坂多い街、高齢者の足に 「地域モビリティ」運行 茨城・日立の諏訪学区

実証事業で運行が始まった「地域モビリティ」=日立市諏訪町

山側の丘陵地に造成された団地が多い茨城県日立市の諏訪学区で1日から、マイカーに代わる新たな移動手段として「地域モビリティ」の実証事業が始まった。住民組織が主体となって学区内を電気自動車で運行し、坂の多い街で暮らす高齢者の生活を支える。先行導入した学区では利用が堅調に推移しており、諏訪学区も来年度の本格運行を目指す。

市内では昭和40~60年代にかけて「山側団地」が整備され、現在は12団地に約1万5千人が暮らし、高齢化率は50%を超える。団地内は急な坂が多く、路線バスの減便や廃止が進む中、既存の公共交通だけでは日常の移動に困る住民も増えているのが実情だ。

地域モビリティはこうした住民の要望に応えるのが目的で、導入は諏訪学区が2例目。自治組織の諏訪学区コミュニティ推進会(持田幸雄会長)が主体となって運行し、市は運転手の人件費や車両リース代、燃料費などを補助する。
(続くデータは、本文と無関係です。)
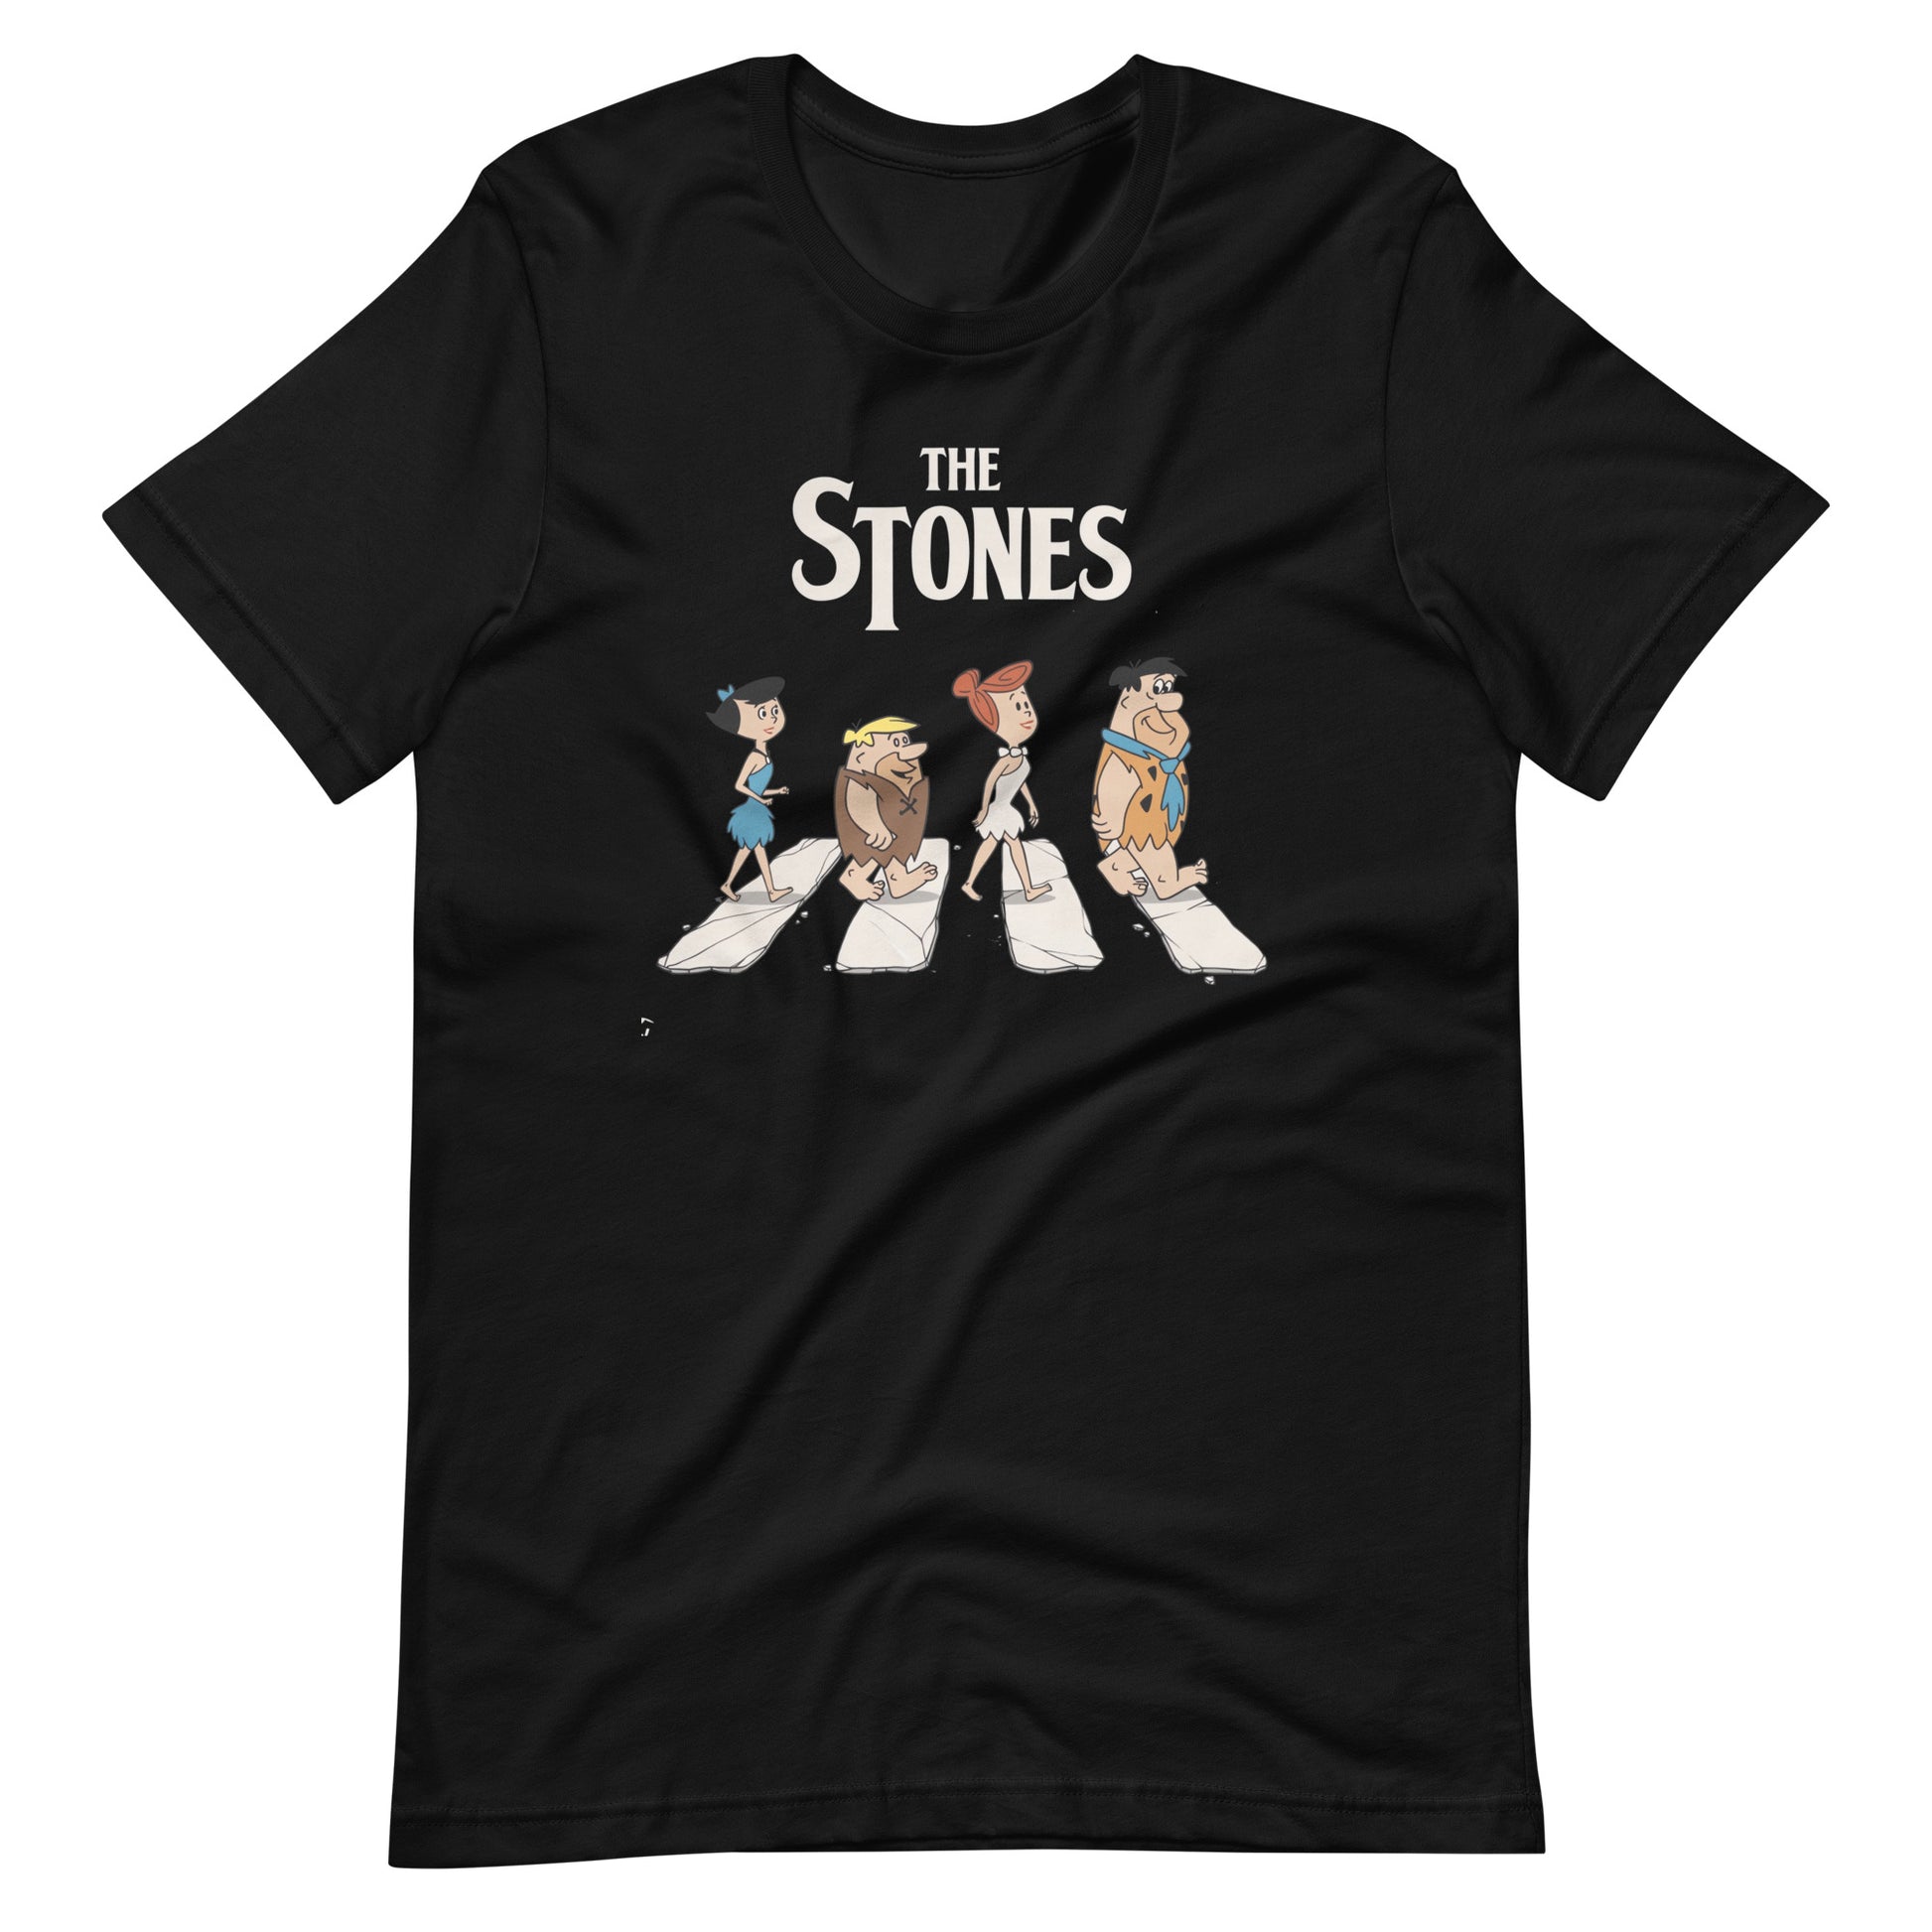 ¡Compra el mejor merchandising en Superstar! Encuentra diseños únicos y de alta calidad, Playera The Stones

電気自動車など車両2台を使用し、自宅から路線バス停留所、交流センターやスーパーなどを結ぶ4ルートを巡回。平日の週3日、予約制で運行する。事前に会員登録(月額千円)した65歳以上が対象で、仮の停留所を約100メートル単位で200カ所以上設定した。

諏訪学区には現在、約2800世帯約6千人が暮らす。同推進会によると、うち半数近くを山側団地の住民が占めるという。本年度は実証事業の位置付けで、運行期間は来年3月29日まで。
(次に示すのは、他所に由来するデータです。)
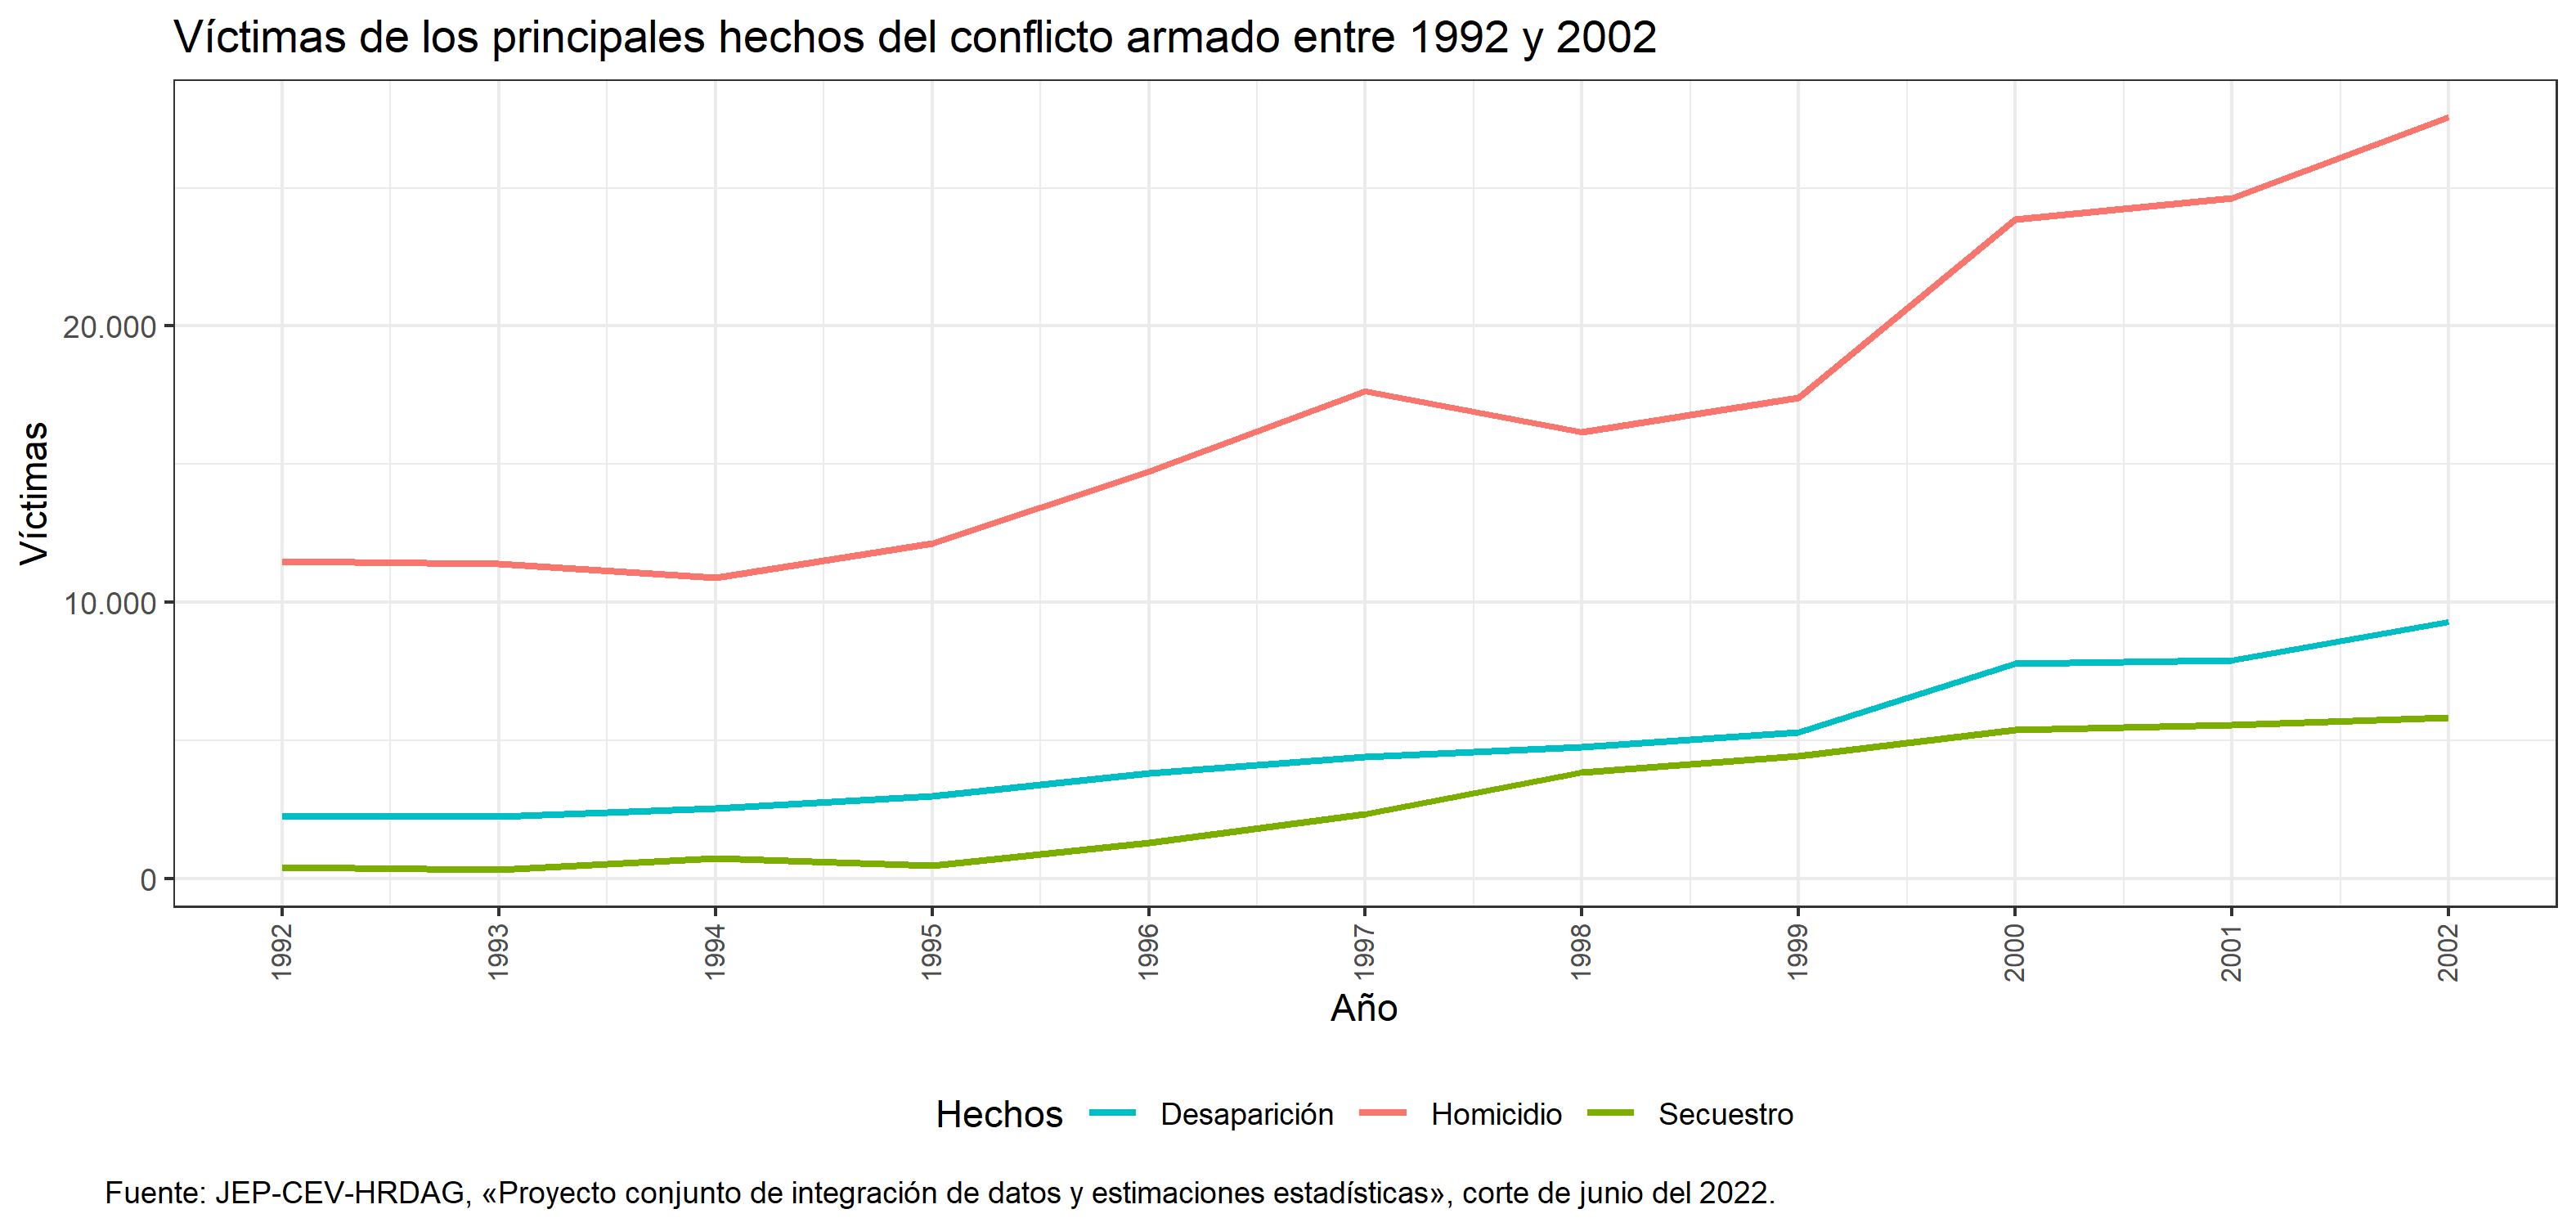 Víctimas de los principales hechos del conflicto armado (1992-2002)

同市諏訪町の諏訪交流センターで1日開かれた出発式で、吉成日出男副市長は「この取り組みをほかの地域にも展開していきたい」と意欲。同推進会の持田会長は「地域住民の足を確保しようと進めてきた。来年度から週5日で本格運行したい」と語った。

諏訪学区に先立ち、金沢学区では今年4月から地域モビリティが本格運行している。同じく高齢化が進む山側団地を抱え、共通の課題に向き合う。
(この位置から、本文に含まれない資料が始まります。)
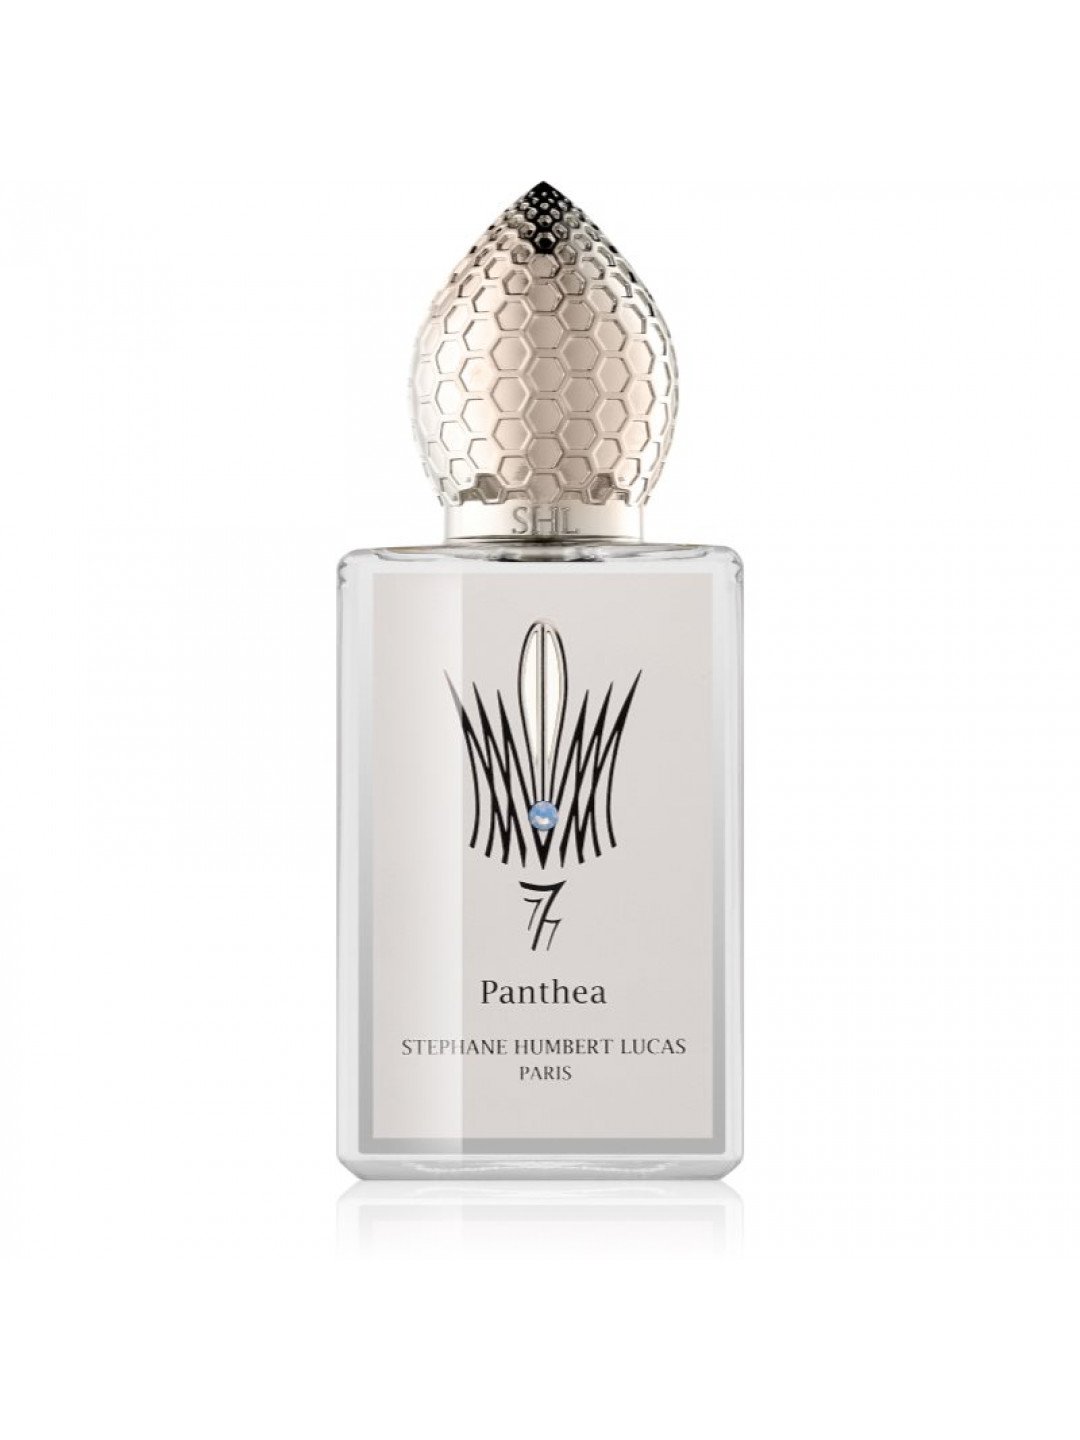 Stéphane Humbert Lucas 777 Panthea parfémovaná voda unisex 50 ml

市によると、金沢学区の地域モビリティは週5日運行。4~9月末までの半年間で延べ1636人が利用し、1日当たりの利用者数は12.6人。通院や買い物目的の住民が多く、本格運行前と比べて利用者は増加傾向にあるという。

市は「交通事業者とのバランスをみながら、今後も導入を目指す地域を支援していく」としている。